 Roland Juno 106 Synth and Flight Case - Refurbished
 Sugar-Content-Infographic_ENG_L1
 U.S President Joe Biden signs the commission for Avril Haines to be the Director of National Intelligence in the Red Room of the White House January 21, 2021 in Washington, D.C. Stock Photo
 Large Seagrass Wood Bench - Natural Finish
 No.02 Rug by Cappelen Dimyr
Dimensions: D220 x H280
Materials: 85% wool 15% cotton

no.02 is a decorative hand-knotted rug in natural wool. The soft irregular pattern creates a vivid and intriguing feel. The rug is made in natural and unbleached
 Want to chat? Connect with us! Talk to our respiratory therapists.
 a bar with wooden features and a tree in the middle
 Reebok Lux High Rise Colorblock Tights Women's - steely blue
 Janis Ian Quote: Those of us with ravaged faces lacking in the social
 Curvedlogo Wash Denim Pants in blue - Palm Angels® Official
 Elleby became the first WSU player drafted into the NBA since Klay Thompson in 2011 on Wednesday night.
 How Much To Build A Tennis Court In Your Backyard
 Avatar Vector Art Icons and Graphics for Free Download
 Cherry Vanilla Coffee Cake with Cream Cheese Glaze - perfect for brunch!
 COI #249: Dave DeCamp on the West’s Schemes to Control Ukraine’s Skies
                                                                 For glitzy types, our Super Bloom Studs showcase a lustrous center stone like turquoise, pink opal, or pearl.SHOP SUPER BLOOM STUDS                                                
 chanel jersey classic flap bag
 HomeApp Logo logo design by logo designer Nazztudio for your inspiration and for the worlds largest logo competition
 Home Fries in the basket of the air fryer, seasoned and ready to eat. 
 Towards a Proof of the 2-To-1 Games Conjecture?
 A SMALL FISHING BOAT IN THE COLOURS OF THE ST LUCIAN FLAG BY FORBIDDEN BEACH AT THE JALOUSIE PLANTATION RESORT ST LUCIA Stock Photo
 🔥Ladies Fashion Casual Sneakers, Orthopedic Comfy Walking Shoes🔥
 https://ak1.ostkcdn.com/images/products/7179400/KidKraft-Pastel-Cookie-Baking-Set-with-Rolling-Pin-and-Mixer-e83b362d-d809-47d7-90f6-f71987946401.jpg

==================================================

Problem -
Restate word for word the entries above, starting at the line with "HomeApp Logo logo" and ending at the line with "Comfy Walking Shoes🔥", inclusive, and no others.

Answer section -
 HomeApp Logo logo design by logo designer Nazztudio for your inspiration and for the worlds largest logo competition
 Home Fries in the basket of the air fryer, seasoned and ready to eat. 
 Towards a Proof of the 2-To-1 Games Conjecture?
 A SMALL FISHING BOAT IN THE COLOURS OF THE ST LUCIAN FLAG BY FORBIDDEN BEACH AT THE JALOUSIE PLANTATION RESORT ST LUCIA Stock Photo
 🔥Ladies Fashion Casual Sneakers, Orthopedic Comfy Walking Shoes🔥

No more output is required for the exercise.